BorgBackup provides local backups with deduplication, AES-256 encryption, and mountable archives.
sudo borg init --encryption=repokey /path/to/repo sudo borg create /path/to/repo::$(date +%Y-%m-%d) / sudo borg list /path/to/repo sudo borg mount /path/to/repo::archive-name /mnt/restore
| Always back up | Service configs, app data, API keys, Docker volumes, RAG indexes, voice scripts, databases |
| Skip | Model files (10–70GB each) — re-downloadable from Hugging Face if needed |
┌─────────────┐ ┌──────────────┐ ┌──────────────┐
│ Internet │ │ Kitchen Pi │ │ Recorder Pi │
└──────┬──────┘ │ Hey Helix │ │ GPIO button │
│ │ TTS · Timers│ │ audio memo │
│ └──────┬───────┘ └──────┬───────┘
│ │ │
└──────────┬────────┘ │
└───────────────┬────────────┘
│
┌────────────────────▼────────────────────┐
│ Reverse Proxy │
│ NPM — SSL termination │
│ Nginx — API key auth │
└──┬──────────────┬─────────────┬──────────┘
│ │ │
┌──────────▼──┐ ┌────▼───┐ ┌───▼─────────────┐ ┌──────────────────────────────┐
│ Open WebUI │ │ LLM │ │ Voice Backend │ │ Automation VM │
│ Web·Search │ │ API │ │ Whisper · STT │ │ OpenClaw · Hermes agent │
└─────────────┘ └────┬───┘ │ Dashboard │ │ AnythingLLM · n8n │
│ └────────┬─────────┘ └──────────────┬───────────────┘
│ │ │
└─────────────────┼─────────────────────────────┘
│
▼
┌───────────────────────────────────────────────────────────────┐
│ Inference Layer │
│ │
│ ┌─────────────────────────┐ ┌─────────────────────────┐ │
│ │ GPU Server │ │ AMD Workstation │ │
│ │ Gemma 4 26B │ │ Qwen 3.5 122B │ │
│ │ 65K context │ │ 128K context │ │
│ │ fast chat · voice │ │ long context │ │
│ │ embeddings · RAG │ │ agents · reasoning │ │
│ └────────────┬────────────┘ └─────────────────────────┘ │
└────────────────┼───────────────────────────────────────────────┘
│
┌────────────┴────────────┐
│ │
┌────▼─────┐ ┌─────▼───┐
│Embeddings│ │ RAG API │
│ nomic │ │ Docs │
└──────────┘ └─────────┘
This stack has run five different main models in under a year. Keep old ExecStart lines commented in service files. Keep backup models on disk. A model swap should take minutes. The architecture outlasts any particular model.

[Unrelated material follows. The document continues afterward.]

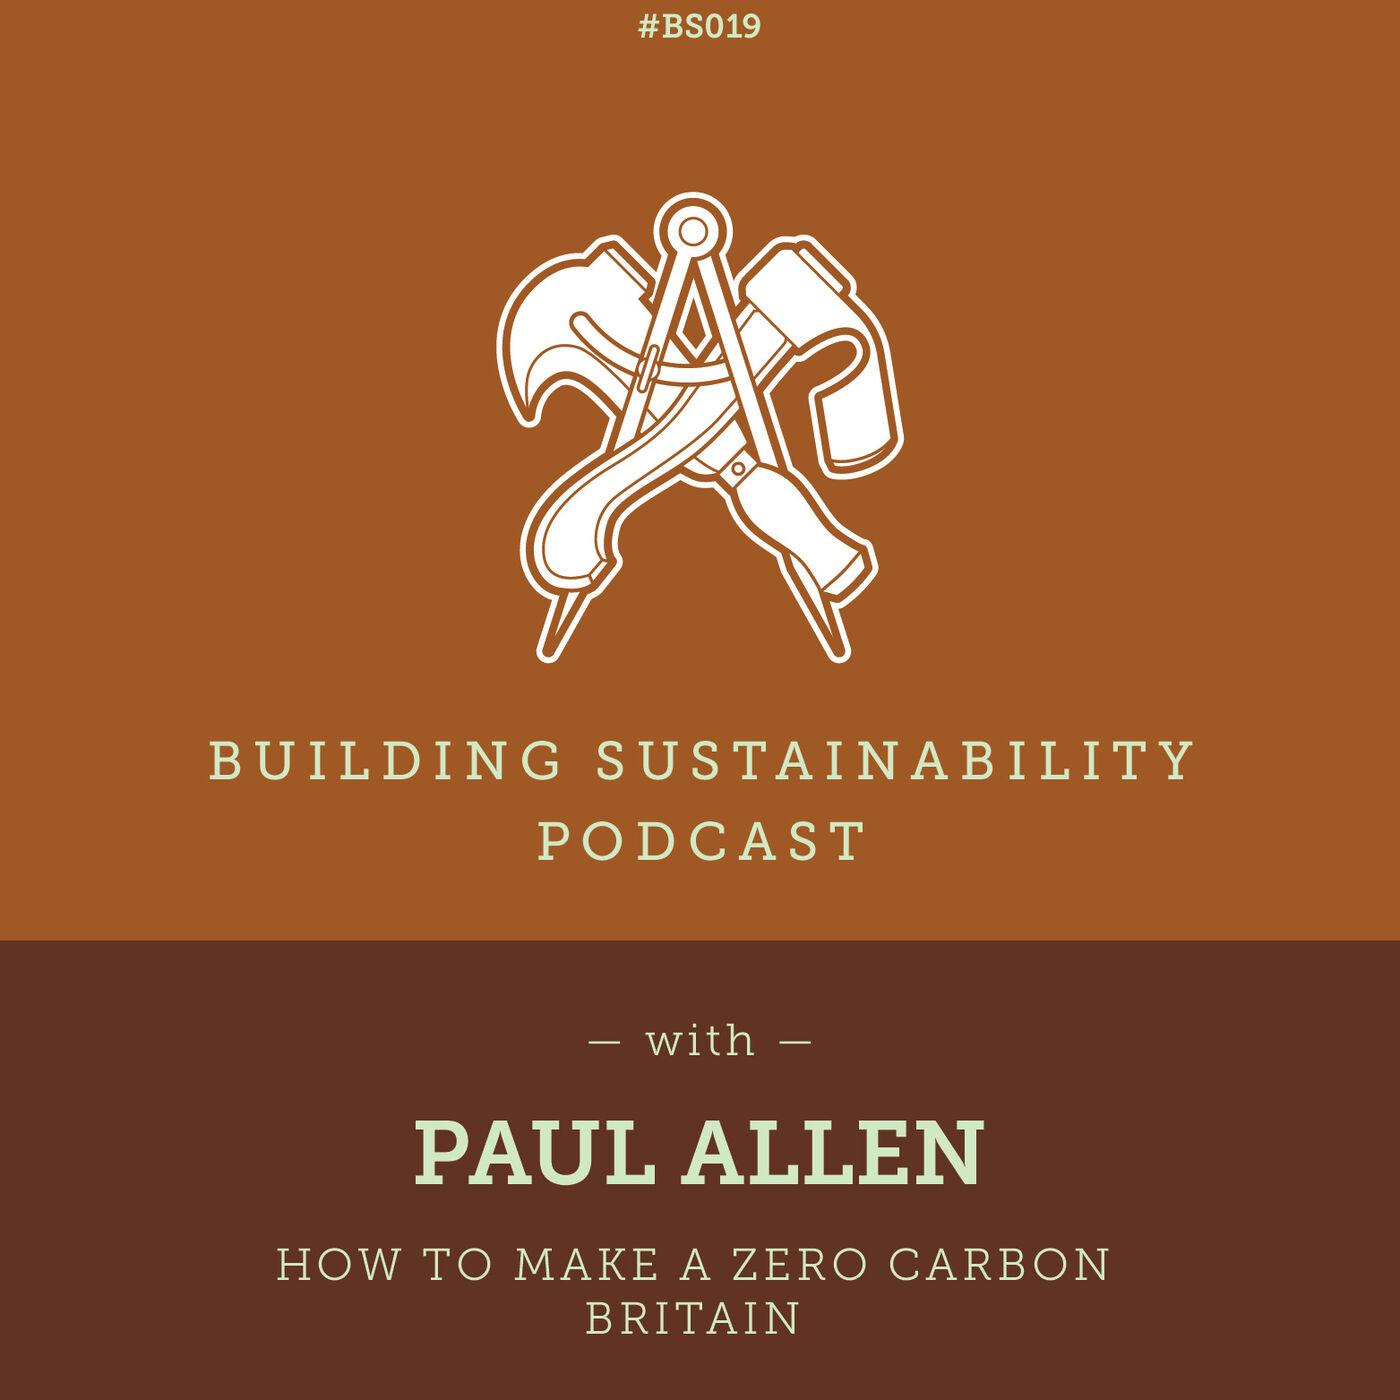 How to make a Zero Carbon Britain - Paul Allen - BS019

Thinking mode produces better output but takes 3–10x longer. Route time, weather, and timer queries through fast paths that skip the LLM entirely. Reserve extended reasoning for queries that actually benefit from it.

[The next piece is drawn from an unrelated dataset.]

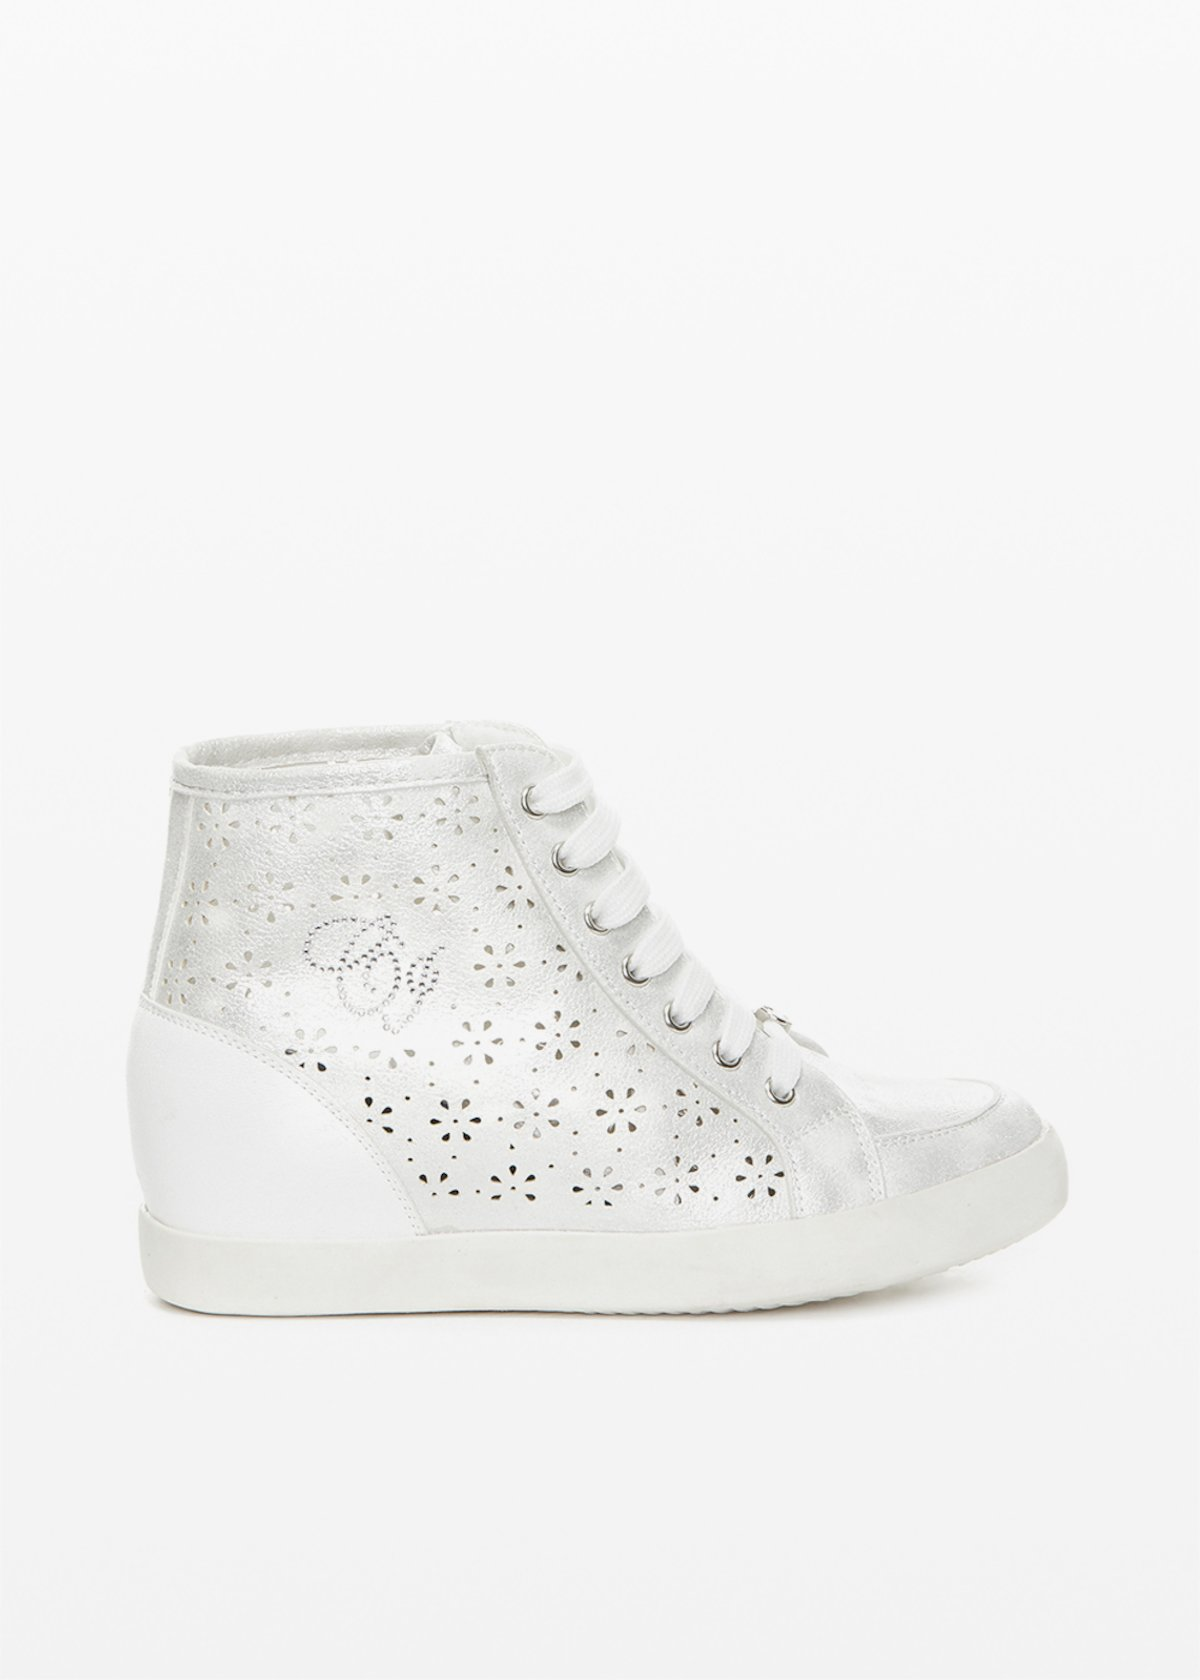 Sneakers Shery in ecopelle traforate

When GPU services start simultaneously at boot, they race for hardware initialization. Use After= dependencies and ExecStartPre=/bin/sleep N to sequence them. This applies to both CUDA and ROCm systems.
Linux assigns USB audio device numbers dynamically. Configure ALSA by device name, not number. One line in ~/.asoundrc eliminates an entire category of reliability issues on embedded voice hardware.
A GPIO button for voice recording removes all friction from the capture workflow. The constraint of hardware forces thinking about the actual user experience. Software always has one more step; hardware doesn't.
On 24GB, the difference between q4_0 and q8_0 KV cache is roughly 8K vs 65K usable context for a 26B model. Combined with flash attention, quantized KV cache is what makes large context windows practical on consumer hardware.
Running a 122B model locally on a single consumer device changes what's possible. Token generation is slower than a discrete GPU on smaller models, but the capability tier — and the context window — is completely different.